* WHAT THIS TASK INVOLVES: The required output holds only the lines from the one containing "Nike Air Max 90 Shoes (Leather black/black)" through the end of the material below, copied exactly, please, with no pictures.

* DATA PROVIDED:
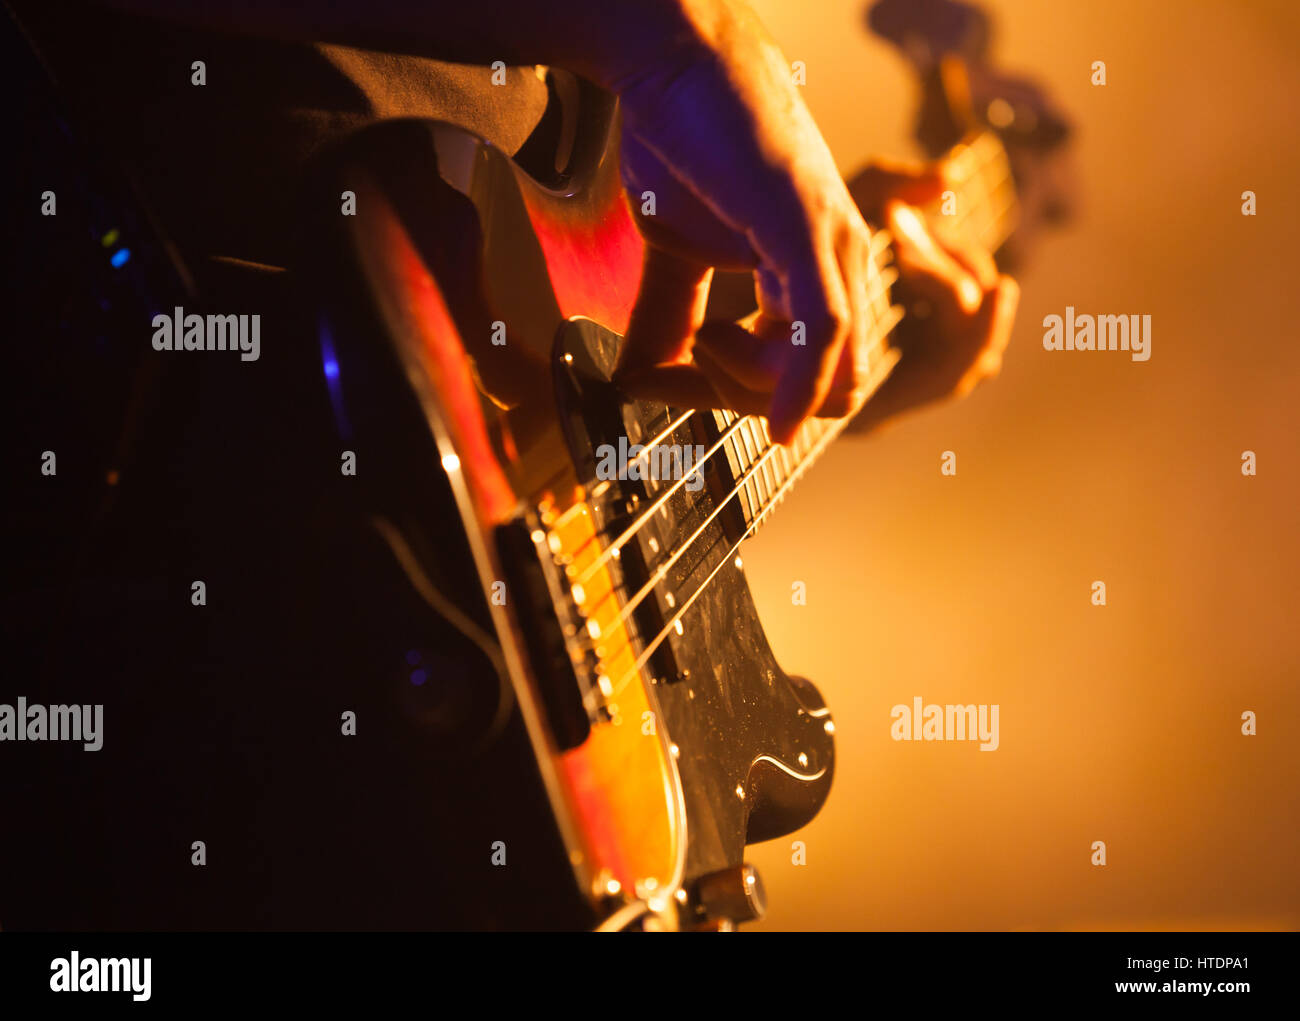 Close-up photo of bass guitar player, soft selective focus, live rock music theme Stock Photo
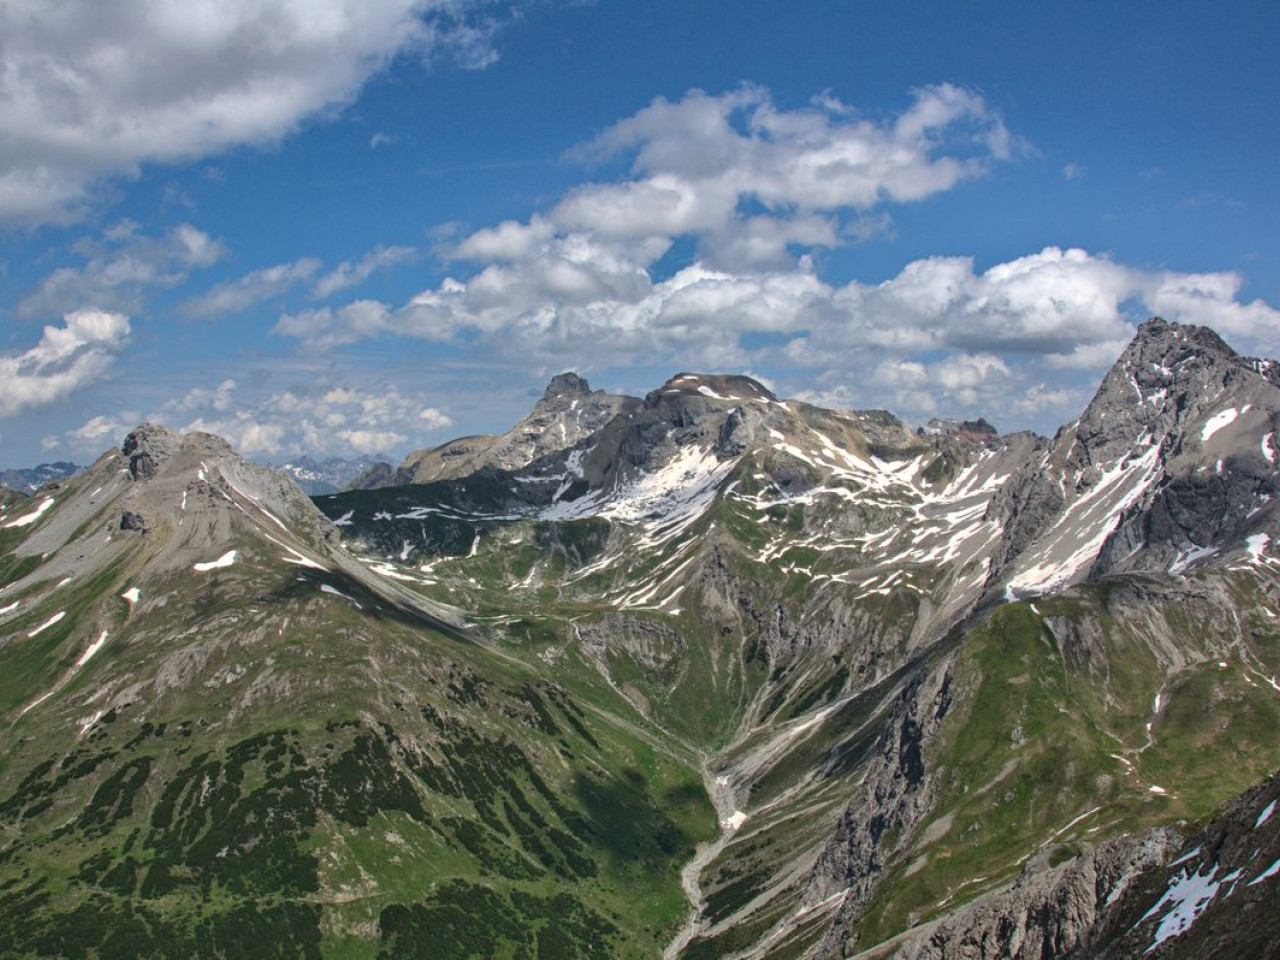  Blick in Richtung Wetterspitze (Mitte hinten), Feuerspitze (Mitte) und Vorderseespitze (rechts)
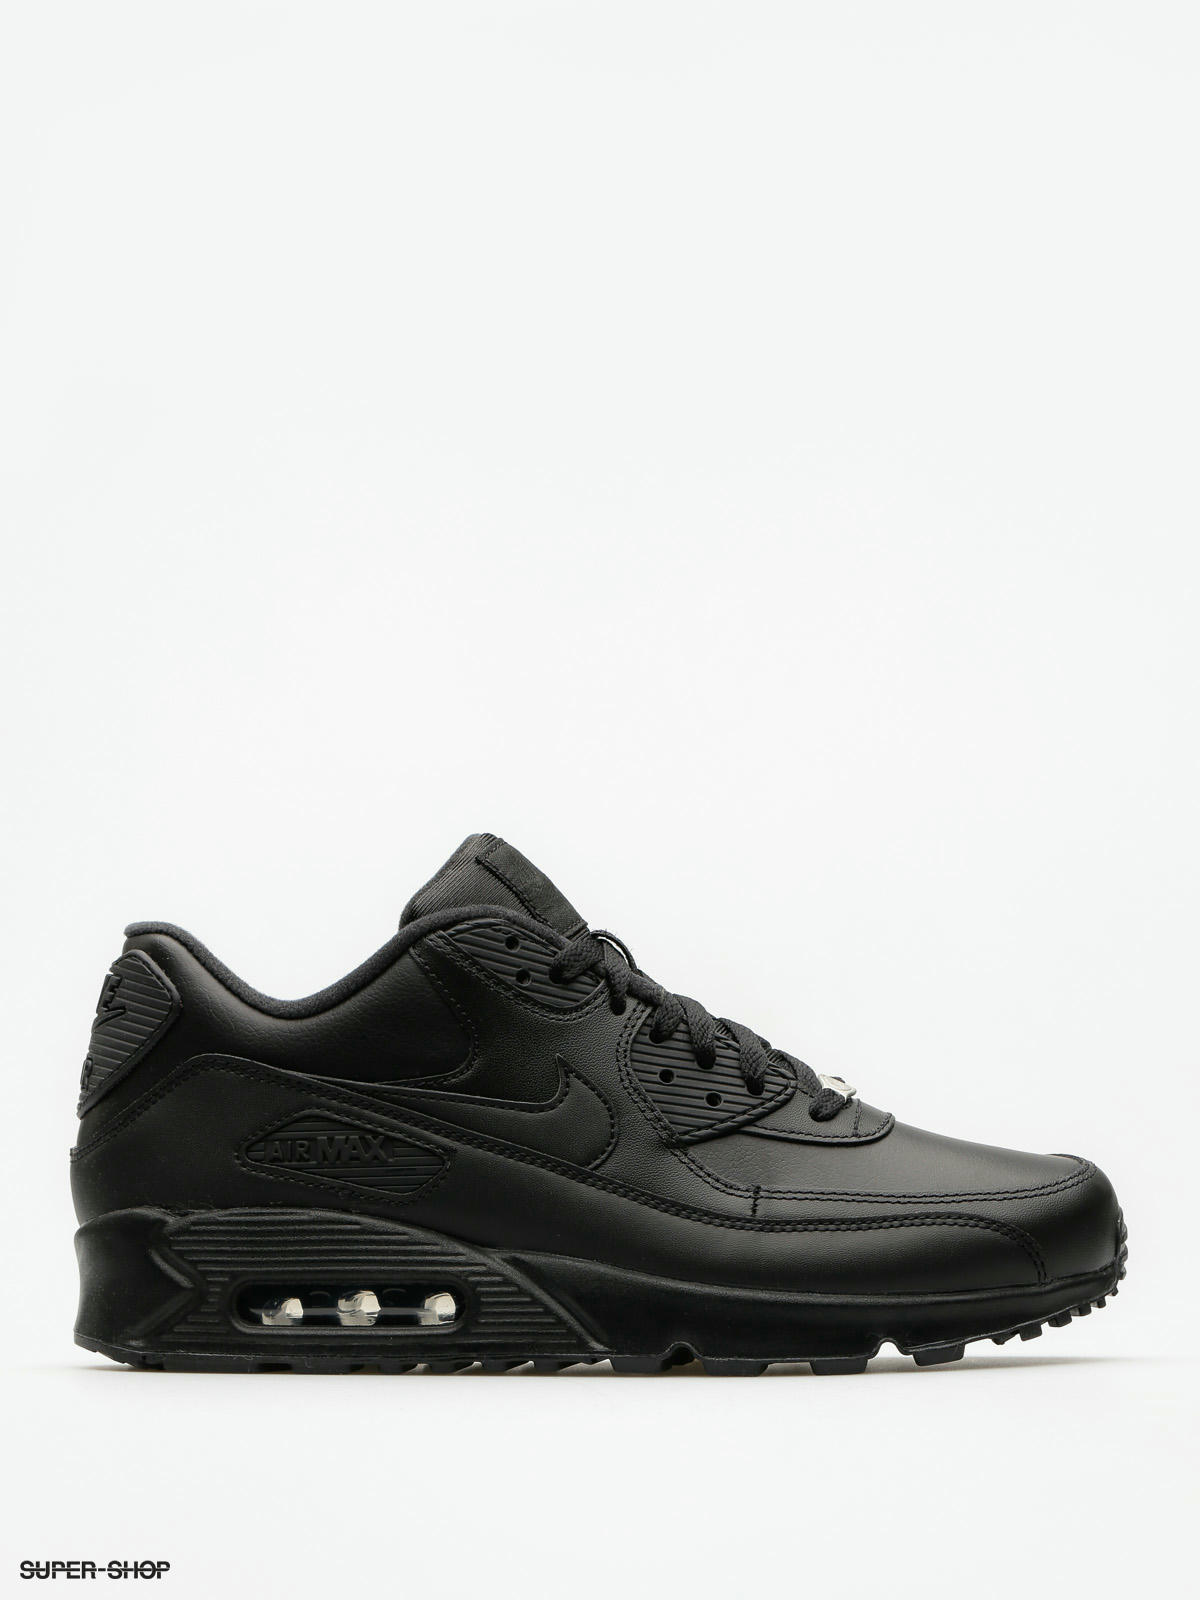 Nike Air Max 90 Shoes (Leather black/black)
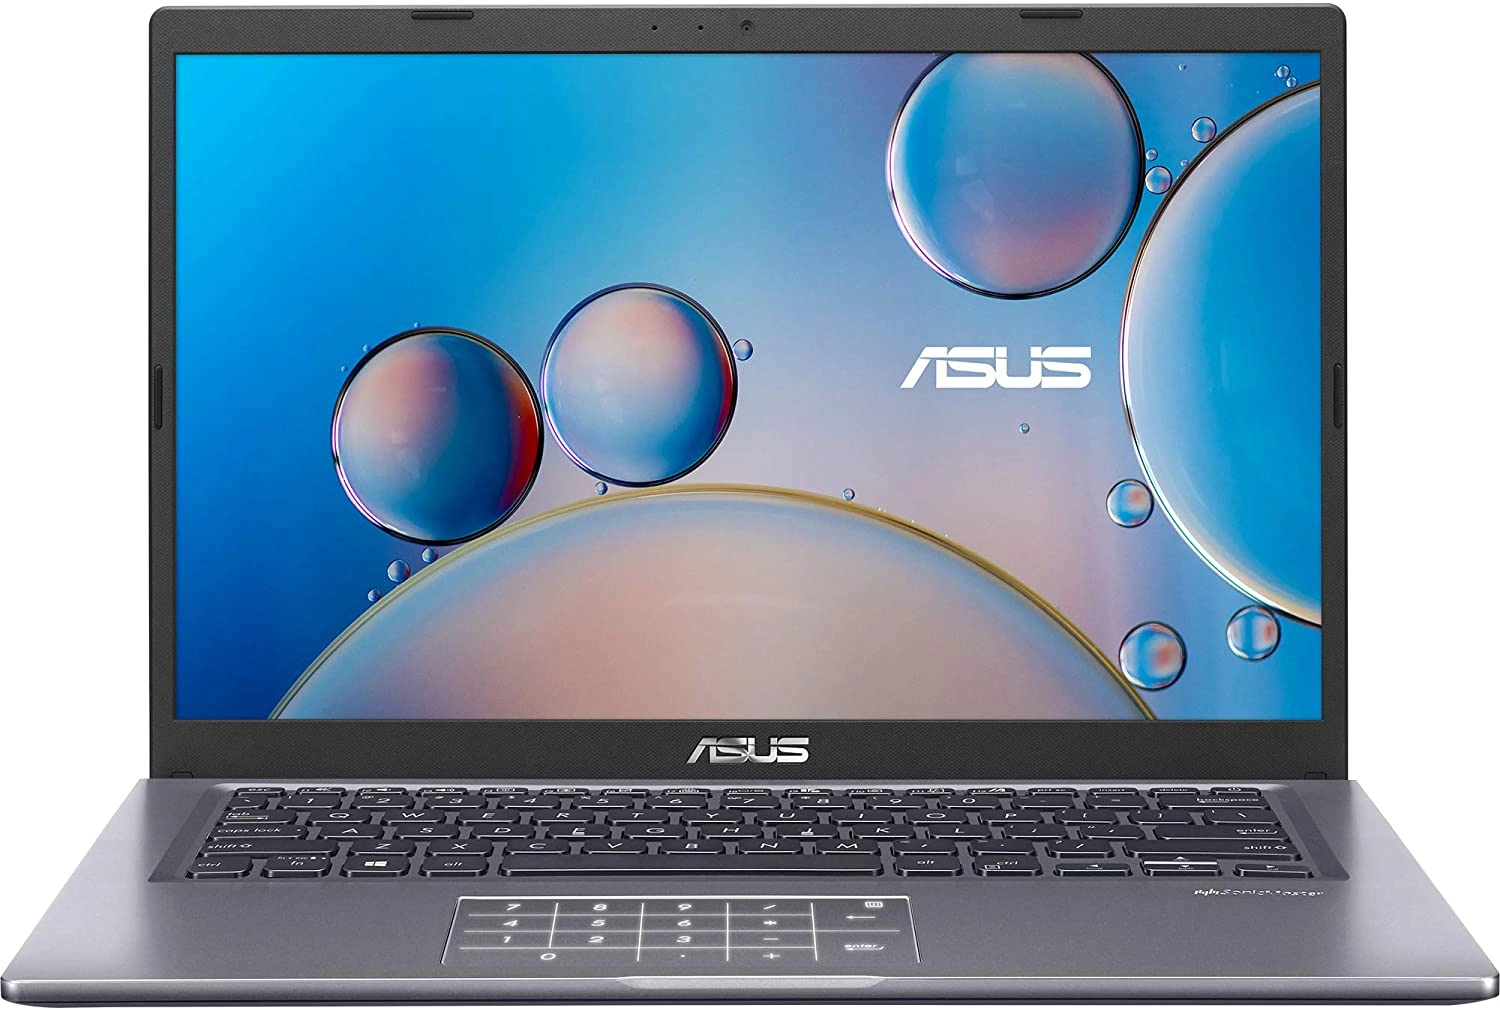 Asus M415DA-EK274 laptop image

* REPLY TO THE TASK:
 Nike Air Max 90 Shoes (Leather black/black)
 Asus M415DA-EK274 laptop image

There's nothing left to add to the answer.